Hand back every line from the beginning of the data below through the line containing "Bulletpoint Mounting Solutions", word for word and free of pictures.

▸ RAW DATA

=== Begin Enclosure ===

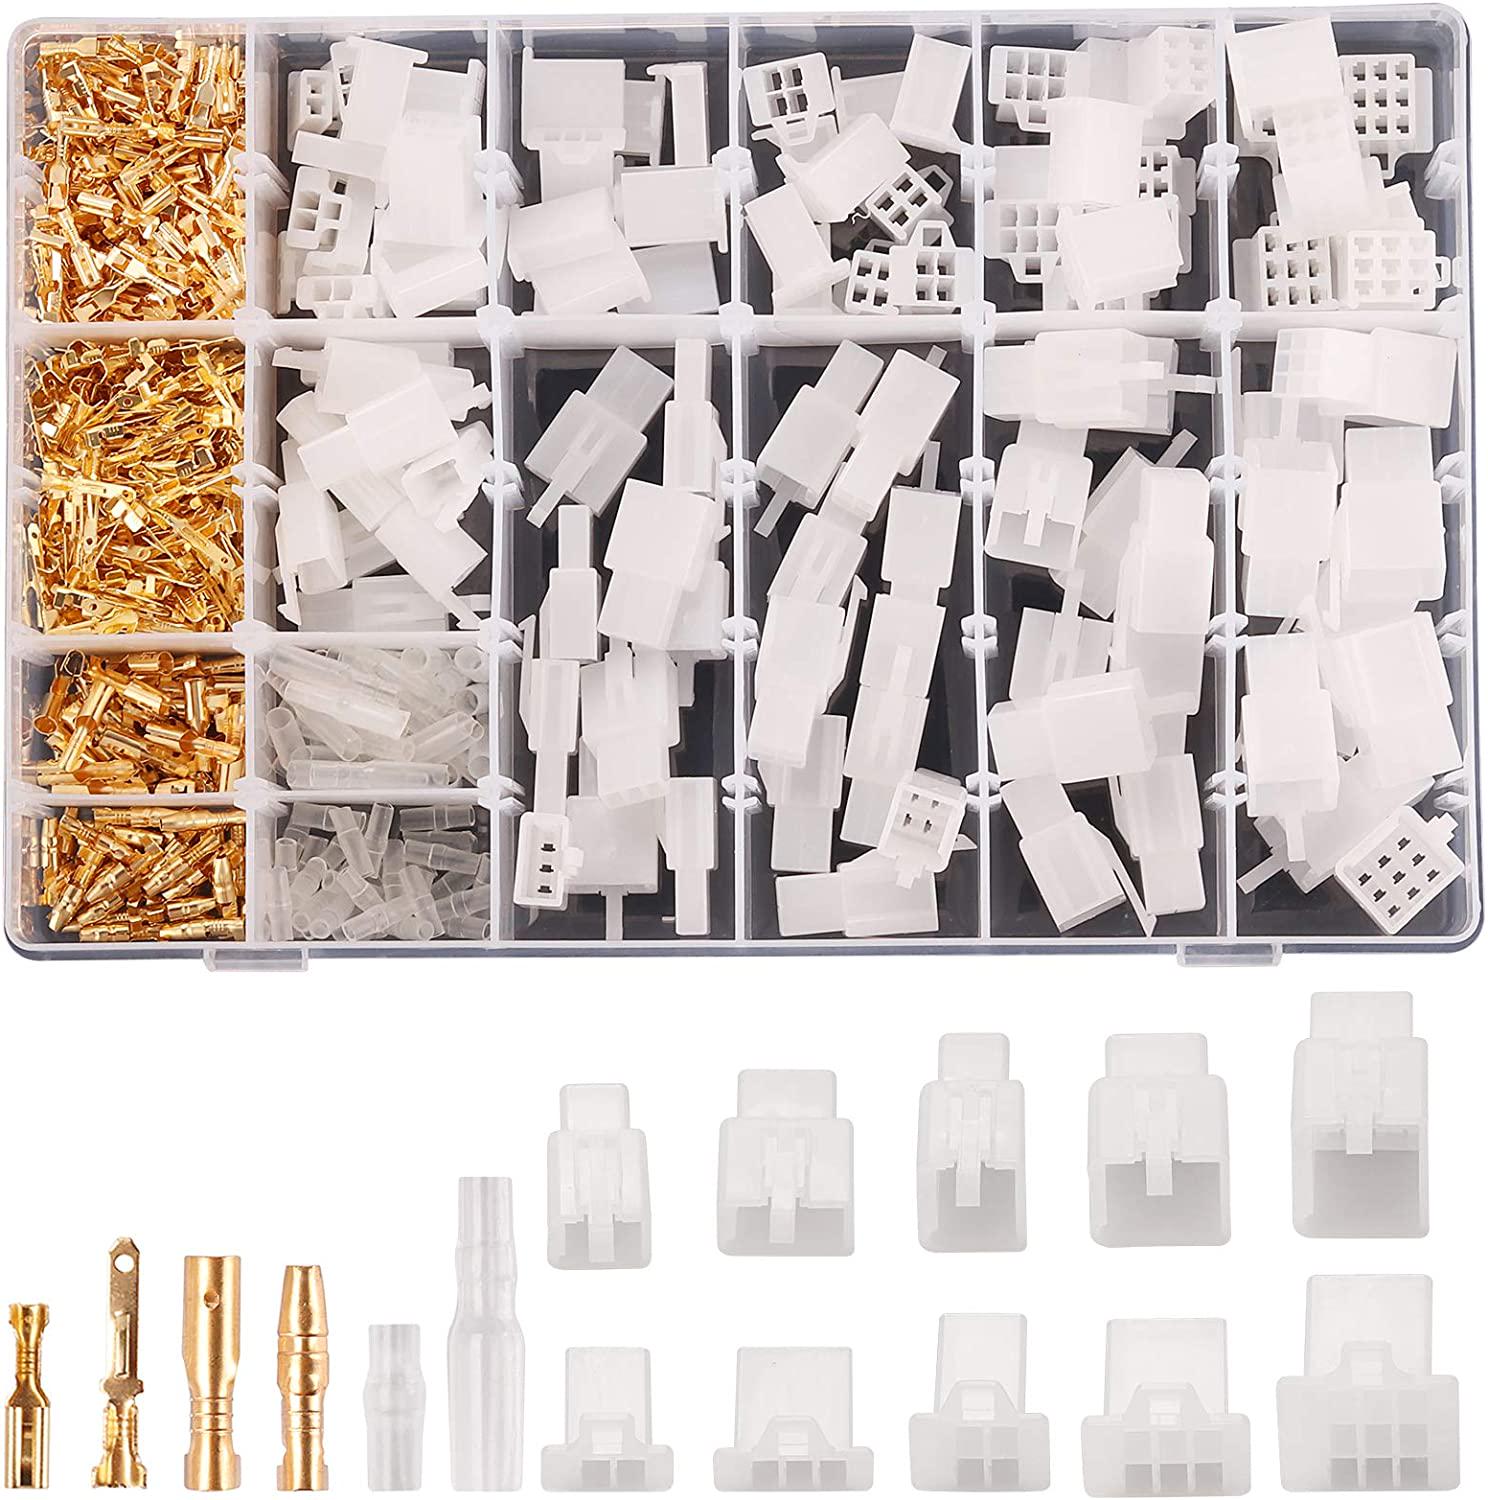 Kinstecks, Kinstecks 700PCS 2.8mm Automotive Connector Kit 2 3 4 6 9 Pin Automotive Electrical Wire Connectors Kit with 30 Sets 3.9mm Bullet Terminal Connector for Motorcycle Motorbike Car Truck Boats Electric
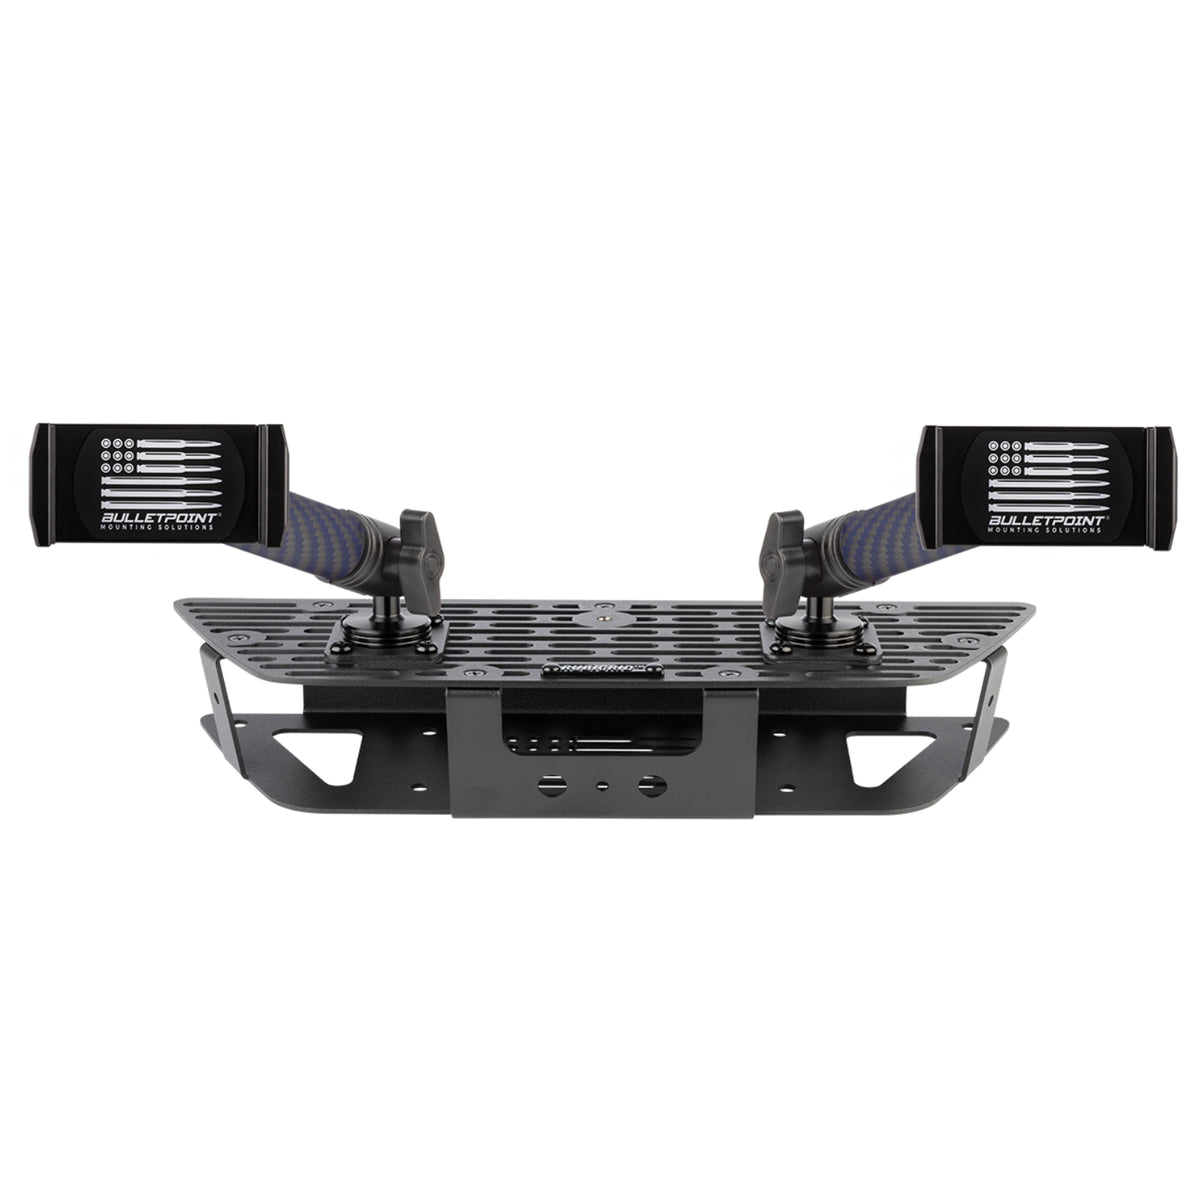 Bulletpoint Mounting Solutions for Jeep, RAM, Ford, Chevy, GMC, Toyota
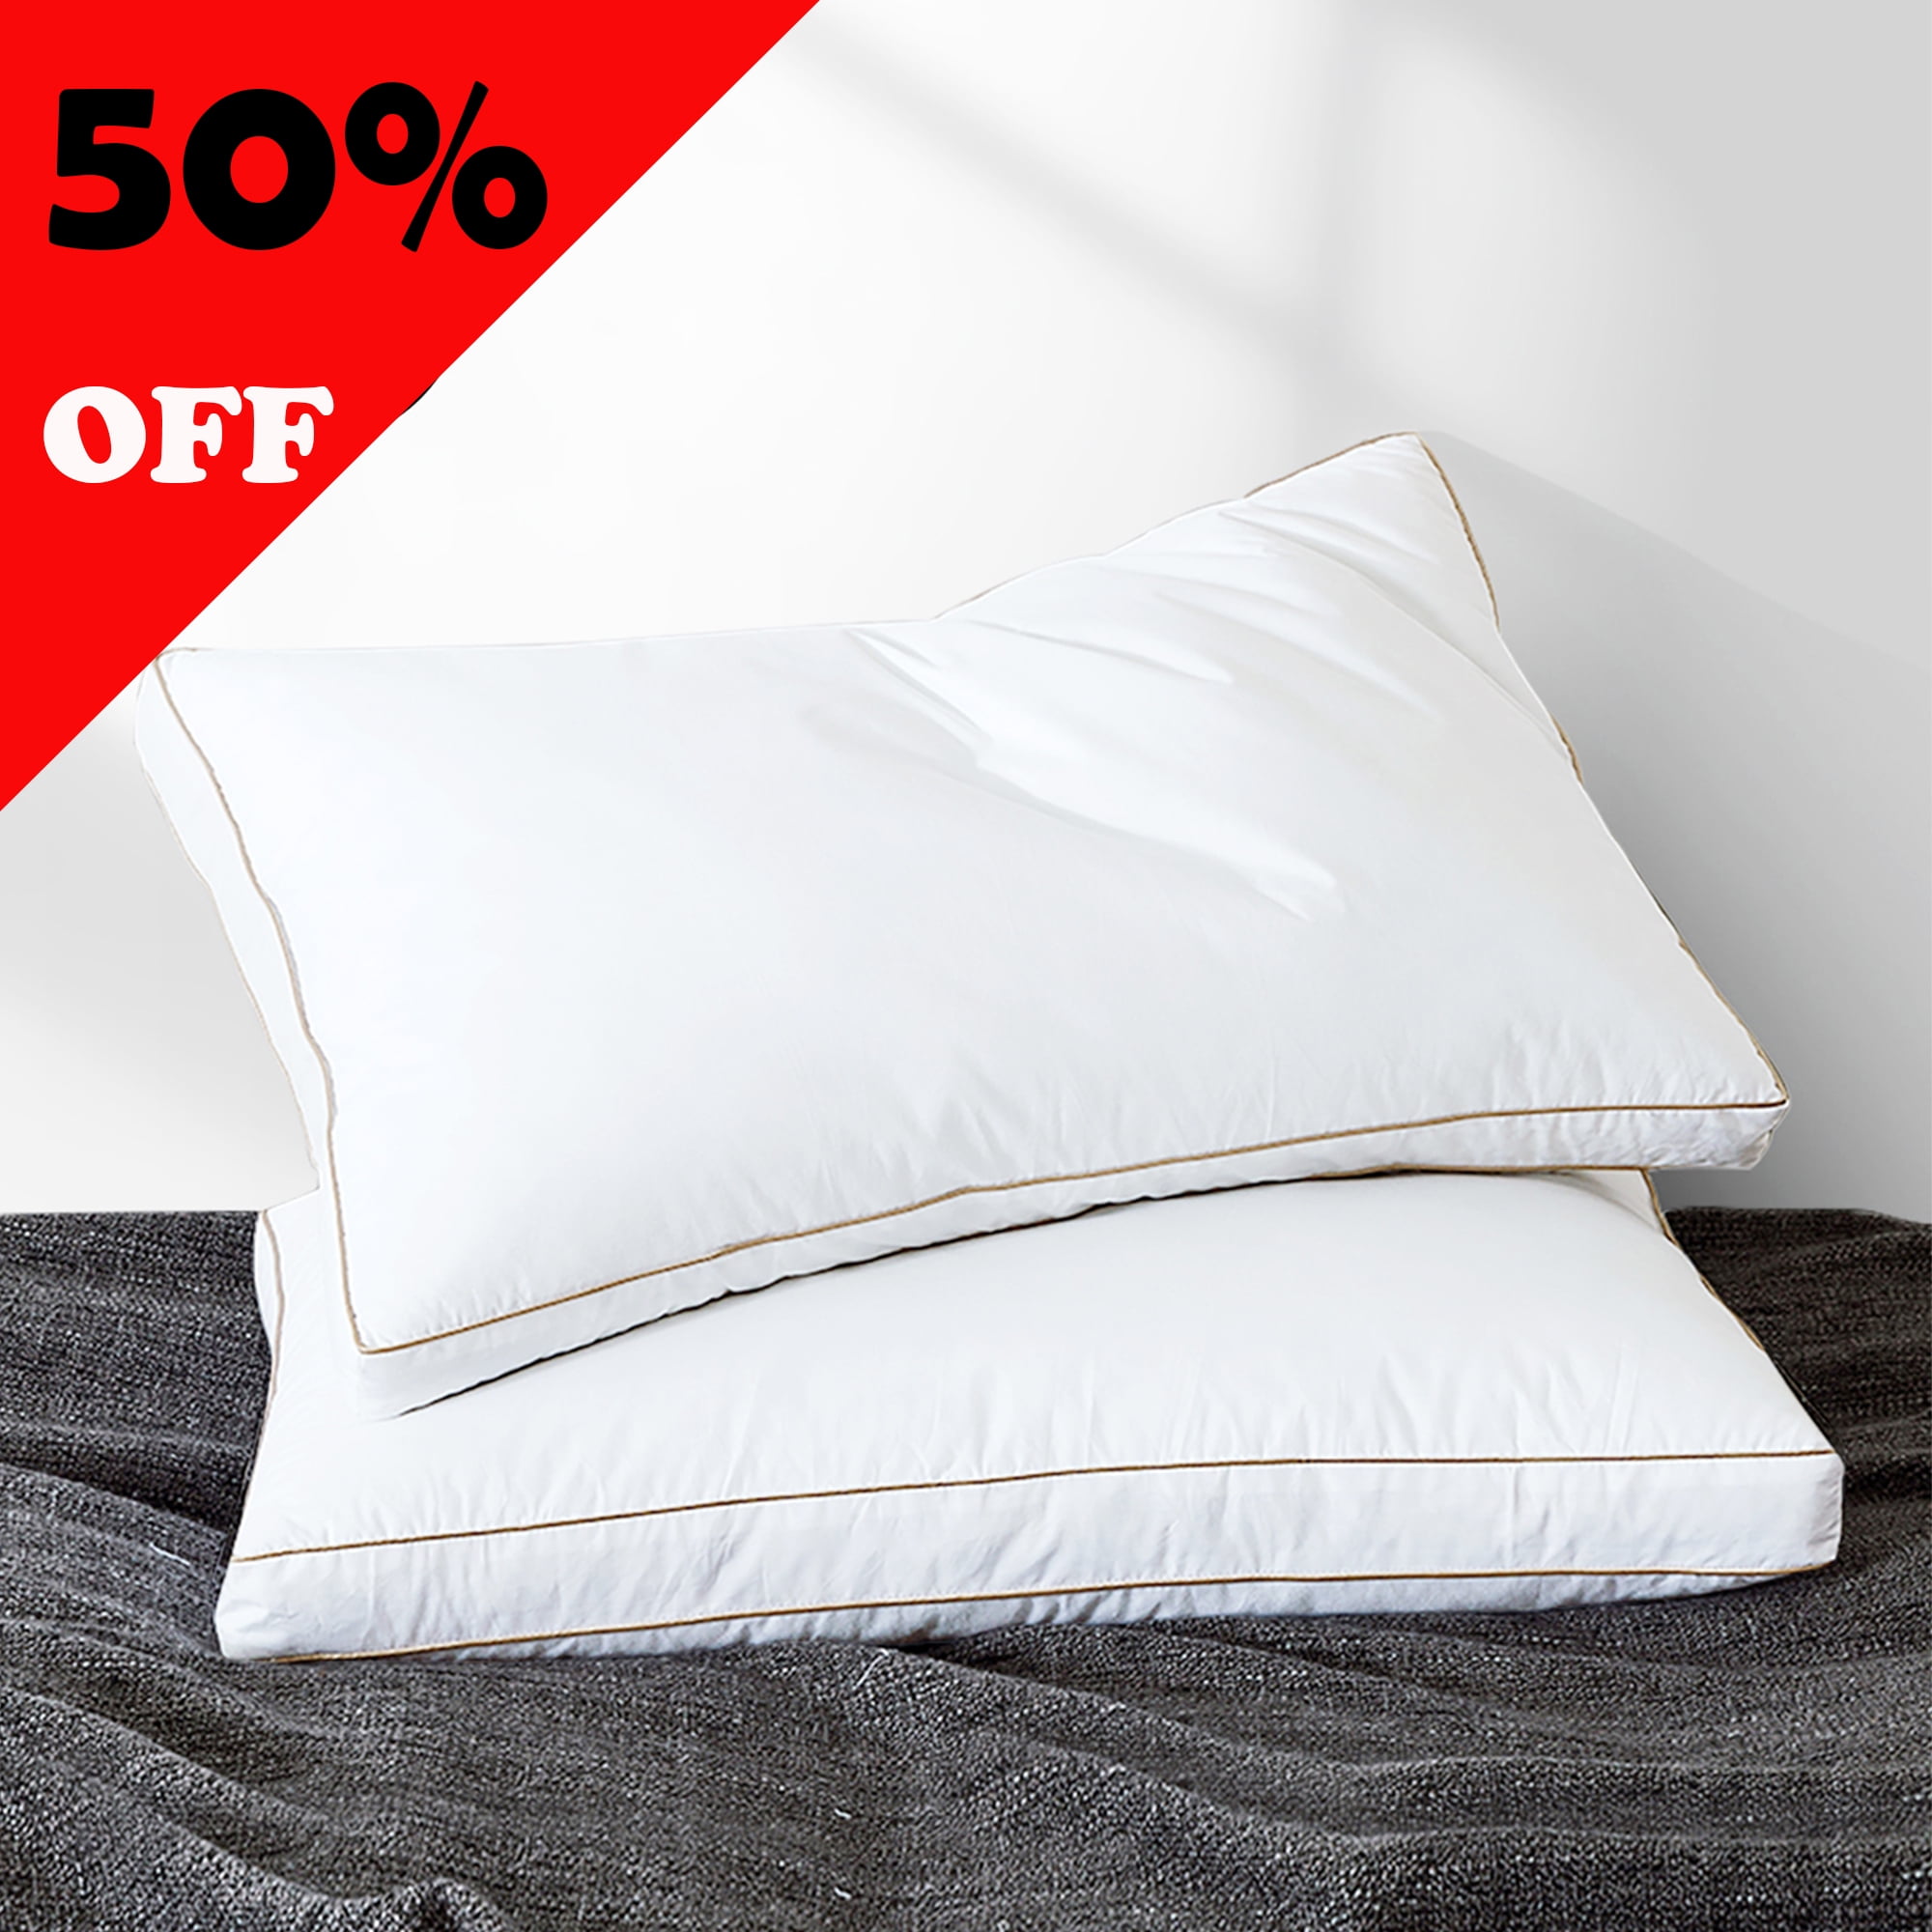  Sobel Westex: Hotel Sobella Bed Pillow for Sleeping, Side  Sleeper Pillow, Hotel Quality, 300 TC, 100% Cotton Case

=== End Enclosure ===

▸ EXPECTED ANSWER
 Kinstecks, Kinstecks 700PCS 2.8mm Automotive Connector Kit 2 3 4 6 9 Pin Automotive Electrical Wire Connectors Kit with 30 Sets 3.9mm Bullet Terminal Connector for Motorcycle Motorbike Car Truck Boats Electric
 Bulletpoint Mounting Solutions for Jeep, RAM, Ford, Chevy, GMC, Toyota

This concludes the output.